Еще раз о справедливости

Большая часть нашего общества живет с постоянным фоновым чувством сильно нарушенной в современной Российской Федерации социальной справедливости. Это выражается в первую очередь в возмущении созданным в одночасье (в начале девяностых годов) и на ровном месте колоссальным имущественным неравенством, а также в невозможности для квалифицированного человека найти применение своим знаниям и способностям и получить такую оплату своего труда, которая соответствовала бы его общественной ценности. И уж совсем нетерпимо то, что десятки миллионов людей самым грубым образом были лишены сравнительно приличного образа жизни и теперь ведут полуголодное существование. Эти люди считают наше теперешнее общество значительно более несправедливым, чем позднесоветское общество.

Я с ними в этом полностью согласен, хотя считаю, что и советское общество не было справедливым, но его несправедливость была другого рода, а именно: тогда имелись номенклатурные привилегии, состоявшие не только в чисто потребительских преимуществах, но, что гораздо важнее, в монополизации каналов повышения общественного статуса.

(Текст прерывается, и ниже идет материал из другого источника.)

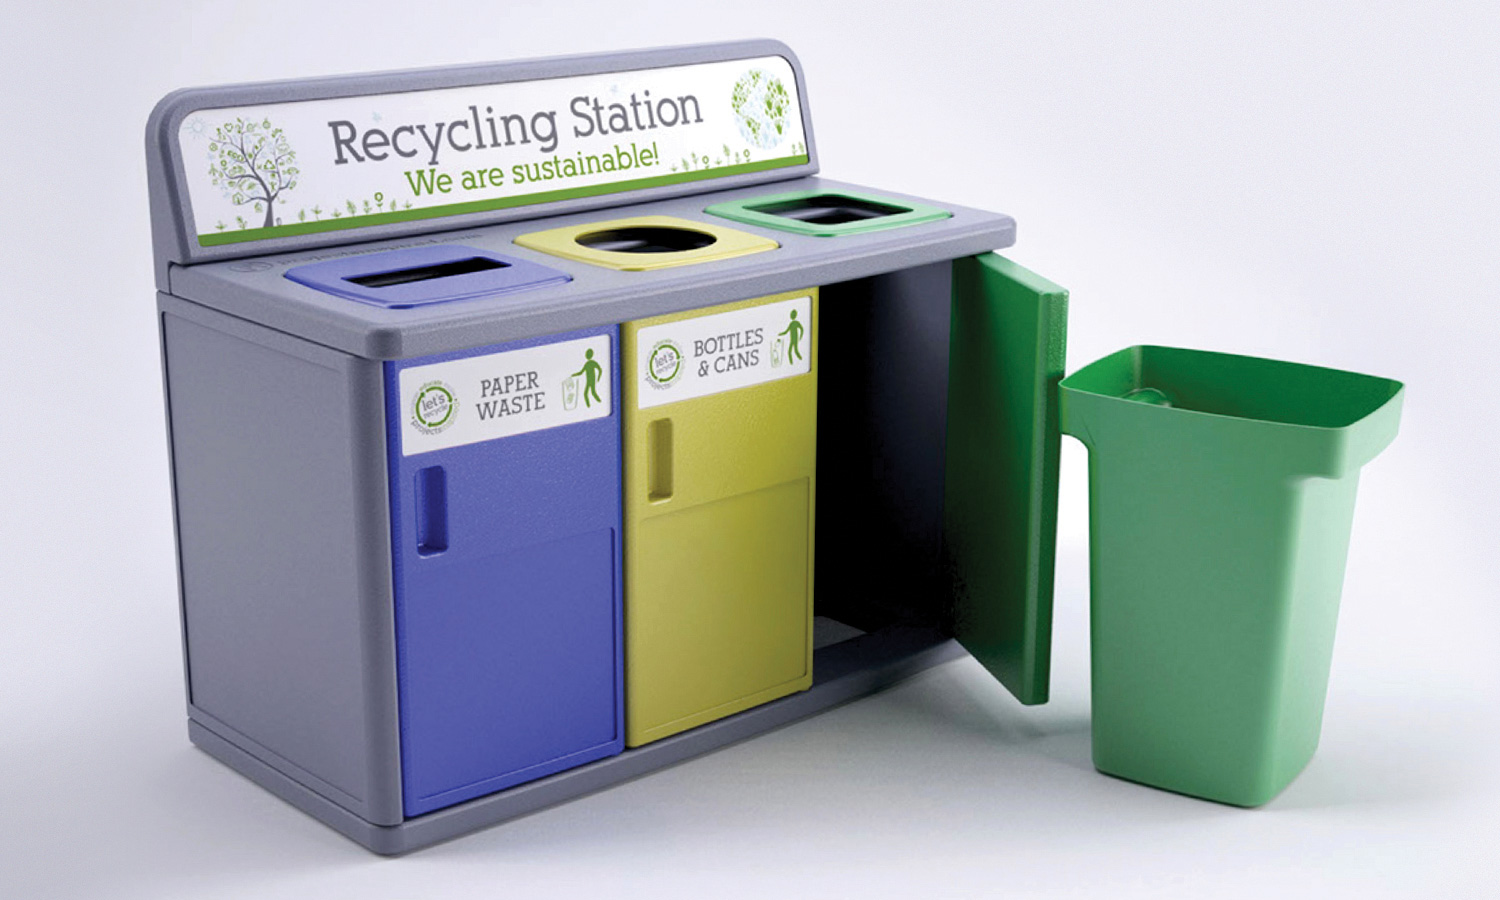 Projects Inspired - Recycling station

В наше время номенклатурные привилегии были очень быстро воспроизведены в новой форме и в значительно возросшем объеме. Они воплотились в олигархических кланах, которые монополизировали доступ к богатству и пытаются сделать то же самое в области политической власти. При этом богатство теперешних номенклатурщиков превосходит богатство советских номенклатурщиков на порядки. Например, министр крупного союзного министерства, пробывший на этом посту несколько десятков лет, к середине восьмидесятых годов имел на банковском счете 5 миллионов рублей. А теперешние топ-менеджеры сырьевых корпораций имеют десятки, а то и сотни миллионов долларов за несколько лет.

Интенсивность и широкая распространенность чувства нарушенной в нашем обществе справедливости указывает на то, что, во-первых, источник этого чувства, то есть ценность справедливости, действительно существует, а не выдуман и не навязан пропагандой, и что он, во-вторых, открыт восприятию практически любого человека. Ценность справедливости и ценностное чувство, схватывающее ее, образуют естественный фундамент моральной системы. Отказаться от принципа справедливости пытается лишь последовательный аморализм, то есть удалить этот принцип можно, лишь удалив всю мораль целиком.

Ценность справедливости, как я полагаю, рождается из веры в базисное «почти равенство» всех людей, не совершивших моральных преступлений. Хотя всем известно, что люди весьма сильно отличаются друг от друга по уму и таланту, но эти различия кажутся такими большими лишь благодаря тому, что взгляд тут направлен на одних лишь людей. Если же сравнить людей с интеллектуальными животными, такими как обезьяны, кошки, собаки, то станет видно, что расстояние от человека до них намного больше, чем расстояние между гением и человеком, страдающим синдромом Дауна.

Мы также имеем более сильную и менее обоснованную веру, состоящую в том, что при достижении определенной ступени разумности, а именно такой, какой несколько тысяч лет назад достигли люди на Земле, любое существо имеет право надеяться на нечто большее, чем ему выпадало до сих пор в земной жизни.

Если же ограничиться лишь социальными отношениями, то социальная справедливость в первом приближении устроена довольно просто.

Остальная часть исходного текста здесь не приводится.